In Western Europe, the working class has been integrated into the system by reformist labour unions, Social Democratic parties and welfare states. While it's true that this situation might change in the future, as the welfare state deteriorates, it shows that it's possible to buy off the working class in the metropolitan nations. Due to their favoured position in the international division of labour, the Western nations might conceivably attempt such a policy again. Or they might create a "two-thirds society" where a large middle class is bought off, isolating the working class.

Worse, with the possible exception of the Russian revolution, no socialist revolutions have been carried out by the working class! The Chinese revolution was based on the peasantry and led by a group of middle class intellectuals and military cadre. East Europe became socialist in large part due to the Soviet Armed Forces. In Syria, Libya or Burma, the socialist revolutions were carried out by military coups. In Cuba, the revolutionaries didn't have much of a base at all, simply stepping in during a power vacuum. Even the Russian example is problematic. The Bolshevik party did have a strong base of support among the workers in Petrograd and Moscow, but the party itself consisted of professional revolutionaries. Lenin, Trotsky and Stalin were hardly "workers". Also, the Bolsheviks had lost most of their working class support already by 1920-21, proven by Menshevik successes in free elections to the soviets (these were quickly discontinued).

Thus, the "imperialist" nations succeeded in bribing their working classes into relative passivity. Most or all socialist revolutions (i.e. revolutions establishing a centralized planned economy) were carried out by non-proletarian strata. And all working class uprisings with workers' democracy were defeated, just as Spartacus or Münzer had been in times past.

Whatever else the working class might be, it certainly isn't "the revolutionary class" in the Marxist sense.
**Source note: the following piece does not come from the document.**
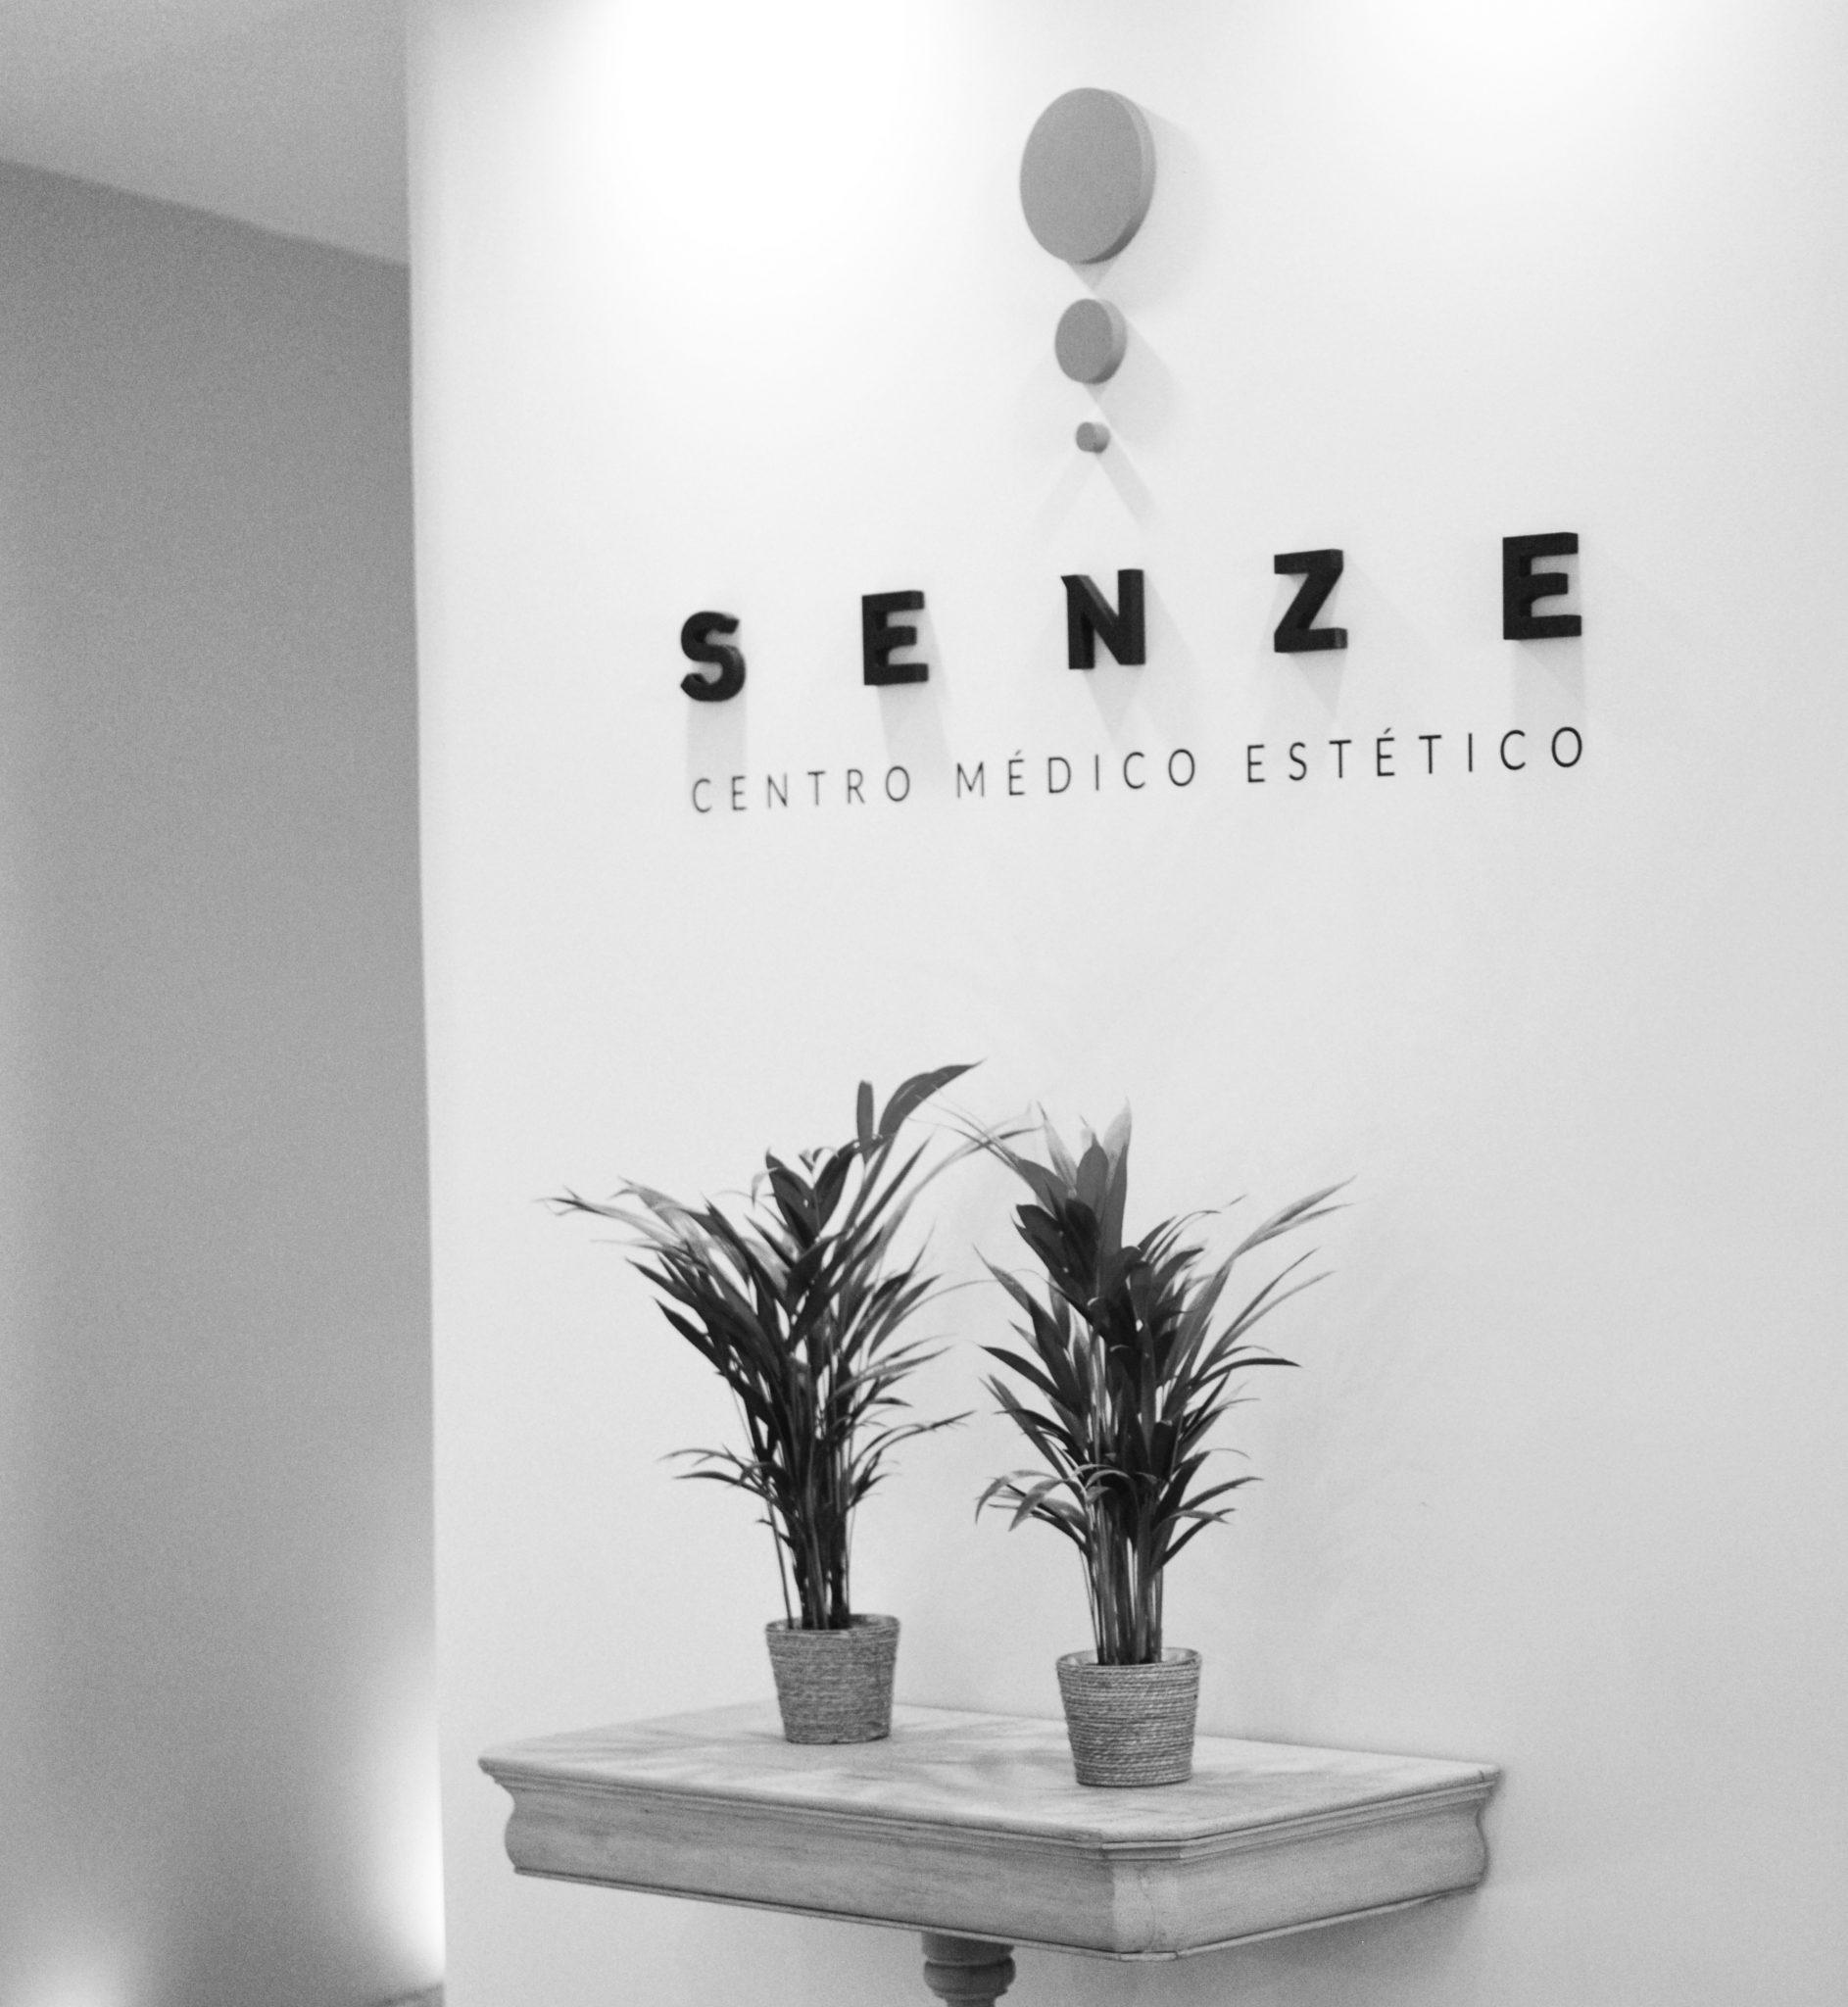 senze1

It's also interesting to speculate about how a society would look like if the working class really did take it over. Judging by the working class insurrections mentioned earlier, and a few others, it would seem that such a society would be based on some kind of workers' self-management and direct democracy. In other words, a scenario more similar to that of anarcho-syndicalism than Marxism. The question, of course, is whether such a system is really viable in the modern world. Workers' self-management is probably possible only in relatively backward economies isolated from the world market. It's difficult to see how the different segments of a globalized, large-scale economy could be "self-managed". However, it's equally difficult to swallow the Marxist scenario, where the working class somehow takes over the globalized economy, running it as a democratic, world-wide planned economy.

[CLOSING STATEMENT]

Karl Marx and Friedrich Engels believed that their thinking was scientific. A large part of "The Communist Manifesto" is a criticism of other socialists, which they consider utopian. History suggests that Marxism too was just another brand of utopian socialism. A real alternative to capitalism still awaits its manifesto.